In any event, Treasurer Cahill's idea is interesting, fresh and appreciated. Maybe he does have some good ideas after all, in addition to his constant bickering with the Governor. However, Cahill needs to work better with the administration and Beacon Hill on state policy in the future, because it's clear that both camps are unwilling to work with each other. Solutions come when politicians and constituents work like a pack with a common goal, not when the political elite acts like cats with sharp claws, ready to thrust and hiss at any to come near. When that happens, good ideas go no where.

2 comments:

Anonymous said...

Ryan,
Even before Treasurer Cahill had endorsed the concept of standardized design the MSBA has been promulgating rules and regs that prohibit state financial participation in what have been called educational frills. Their current rules and regs would not allow state financial participation in swimming pools or ice rinks. Additionally they have promulgated size and cost standards for design that do not allow for deviation (with MSBA financial participation). Their point to the locals has been that you may design and build what you want, but we will only pay for a percentage of "approved design and construction". So your idea of not putting in a ban on extra construction but rather a hard cap has already been implemented.

The Newton North project has a hard cap of $44.5 million of MSBA financial participation. They were allowed to design and build what they wanted, and the taxpayers of Newton will be left to pick up an expense of about $160 million. Good luck to them.
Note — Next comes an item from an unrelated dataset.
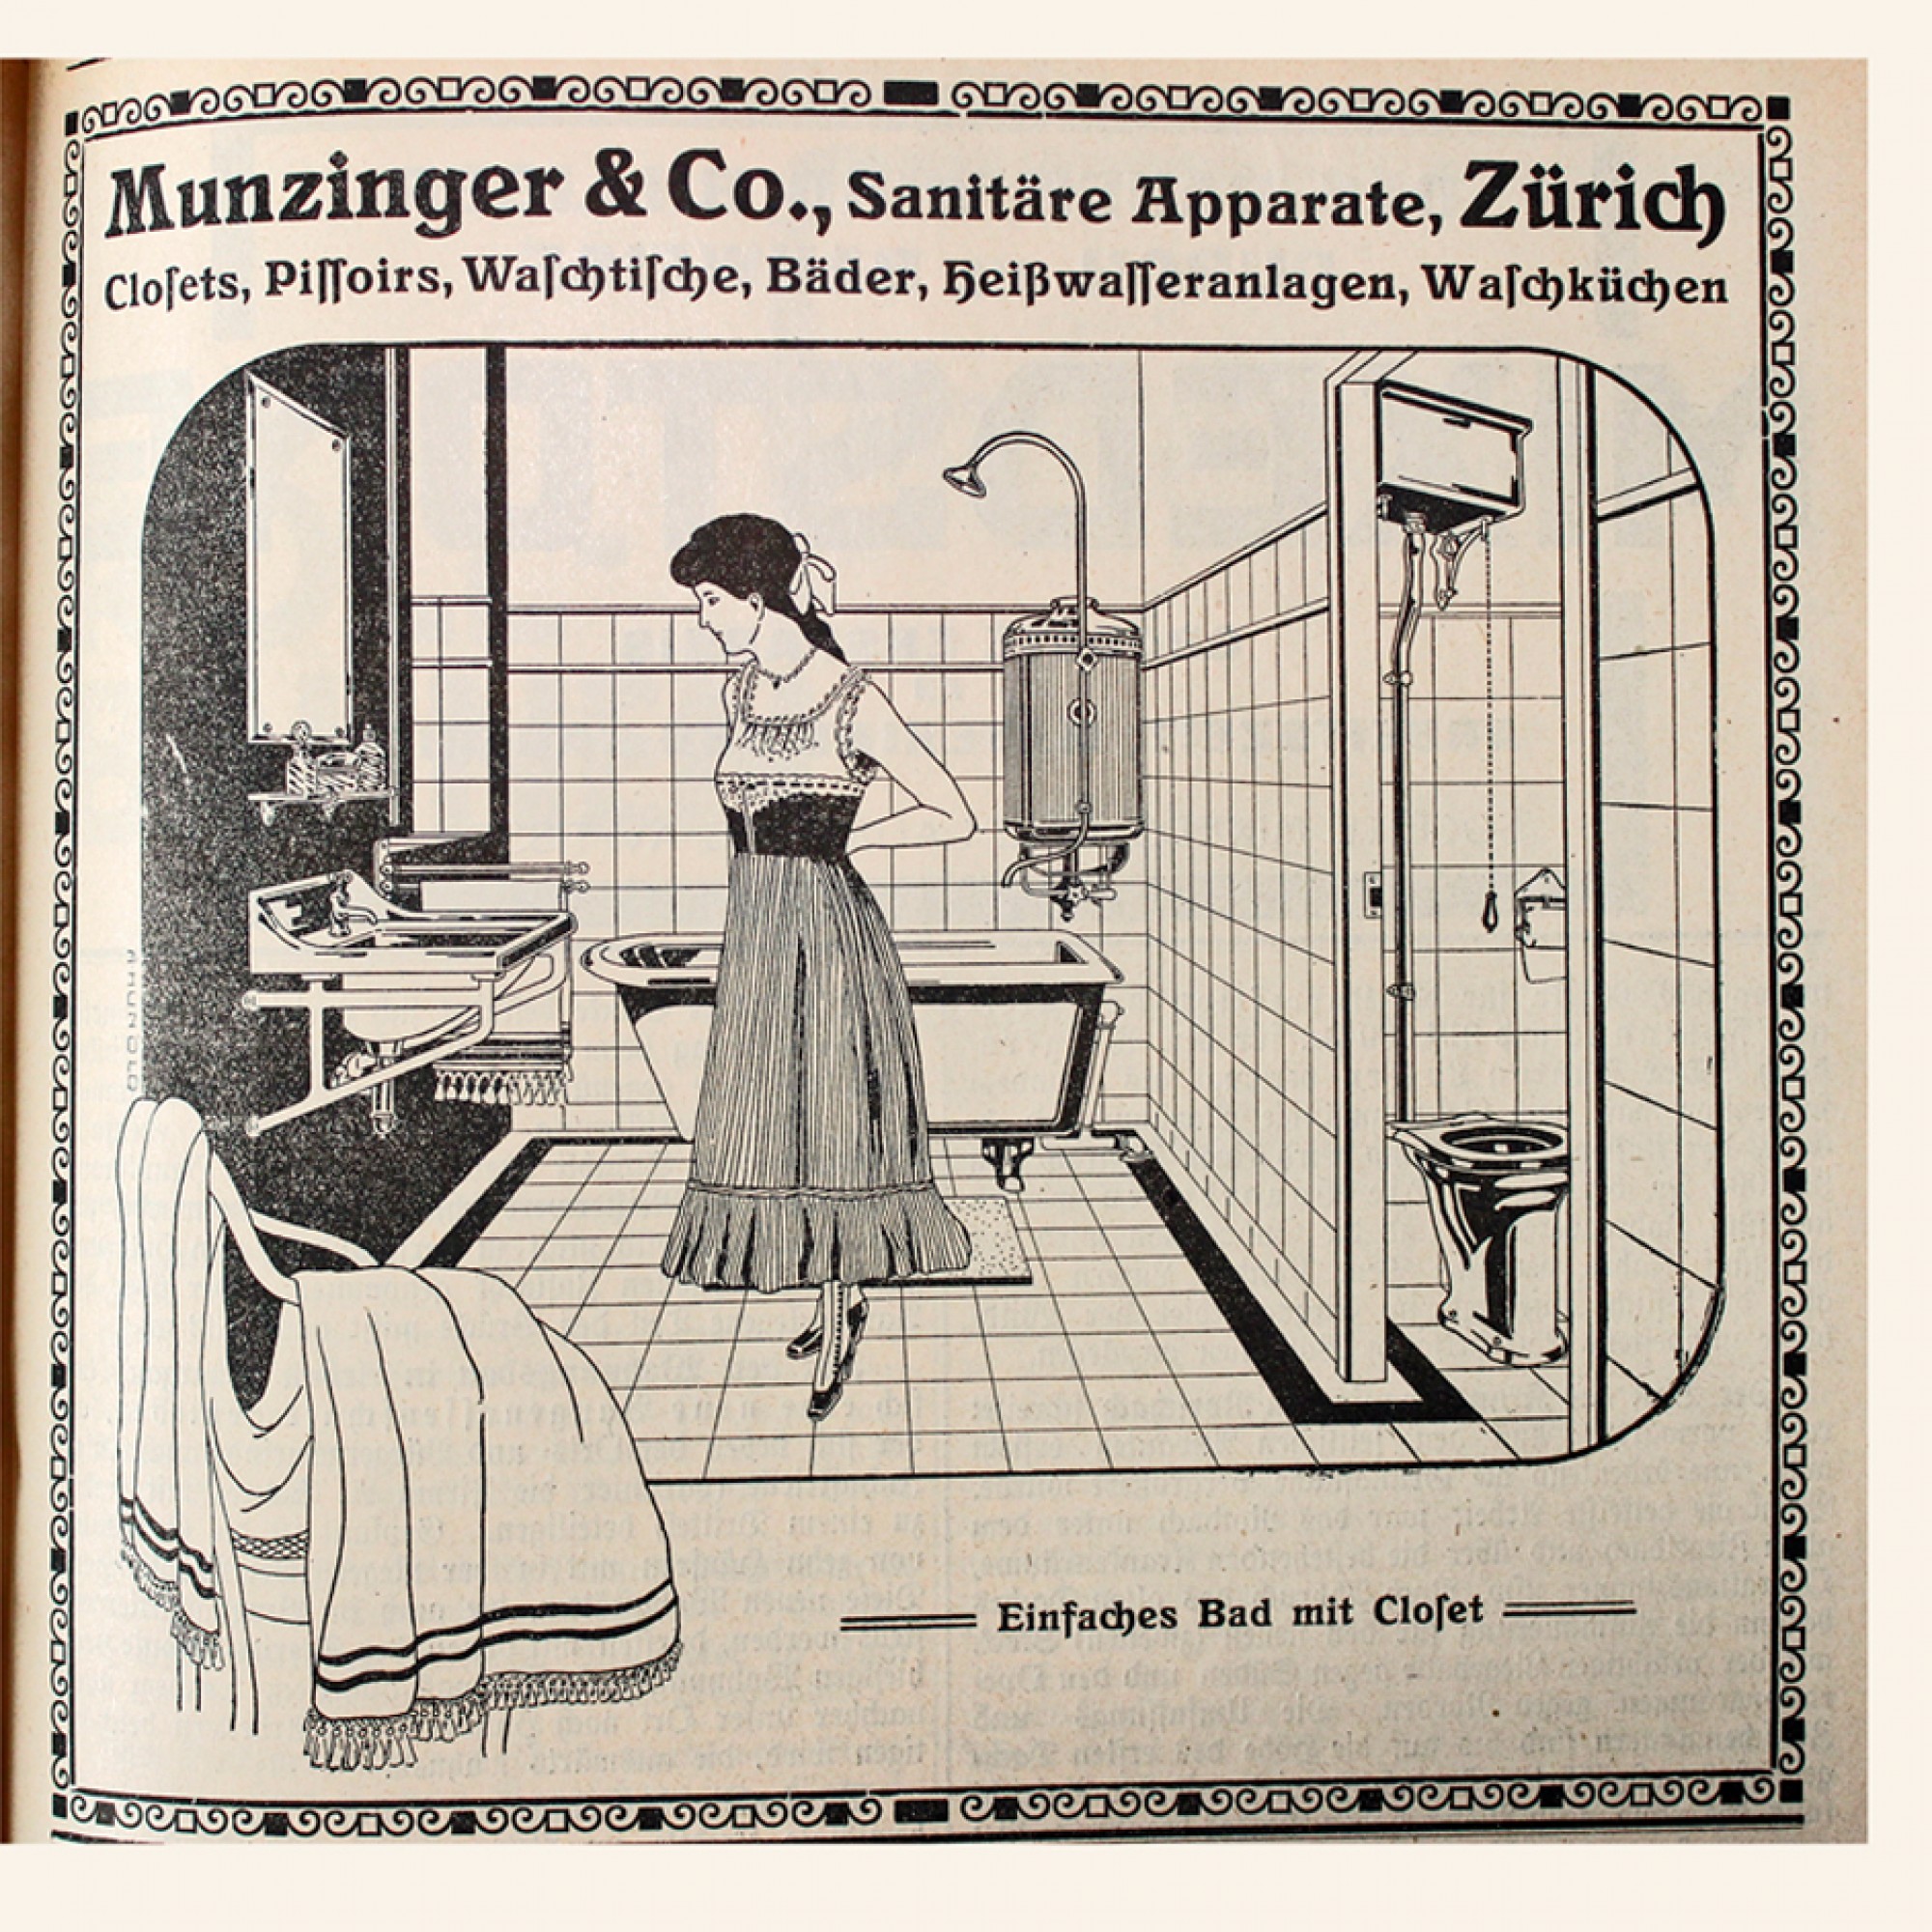 Munzinger & Co. aus Zürich setzte auf fantasievolle Illustrationen mit gekonnter Inszenierung ihrer sanitären Anlagen. Hier sehen Sie die Kreation «einfaches Bad mit Closet».

As far as the idea of standardized design one of the major expenses involved in school building is design. If we have an agreed upon design that can be used in fifty percent of the projects we as a state will save hundreds of millions of dollars. Since the MSBA is limited by law to 20 percent of sales tax revenue every dollar saved means that more projects can be done. In year one (2007) of the lifting of the moratorium on school building assistance the MSBA was inundated with school building requests, many of which have to be deferred because of the financial constraints on the MSBA.

Finally I like your idea on incentives. The MSBA already utilizes a system of financial incentives that allow a community to get additional MSBA financing for the utilization of certain building practices, such as "green building". The MSBA awards financing points to localities for the inclusion of such preferred practices which drive up the total percentage of project cost to be borne by the MSBA.

As a local official I applaud the Treasurer not just for this proposal but for his stewardship of the MSBA, which was designed literally from scratch. He has taken a lot of pushback from the locals over some of his ideas, but has held pretty firm. He certainly will reap some political benefit as he looks to higher office.

Bill Manzi
Mayor
City of Methuen

Ryan Adams said...

I'm glad to hear it - I half thought that would be the case. That said, Cahill's plans would alter that, because none of those things could even be added to the building at a city or town's expense. Adding another building, and another project, can add up to higher costs, especially if they're done at seperate times.

Having state designs at the ready will definitely decrease costs; that's not in question. What is in question are the incentives & penalties we use to get towns to comply. The very fact that they'll be cheaper will mean towns will tend to go with them, anyway, without threatening to pull all funding if they don't go with the plans to the T. Or maybe among the options, we should include plans that have some of the frills (Field House, pool, rink, etc.), with the understanding that the state still won't reimburse towns for them.

Thanks for your comments, Bill. They're much appreciated and certainly add to my knowledge on this issue.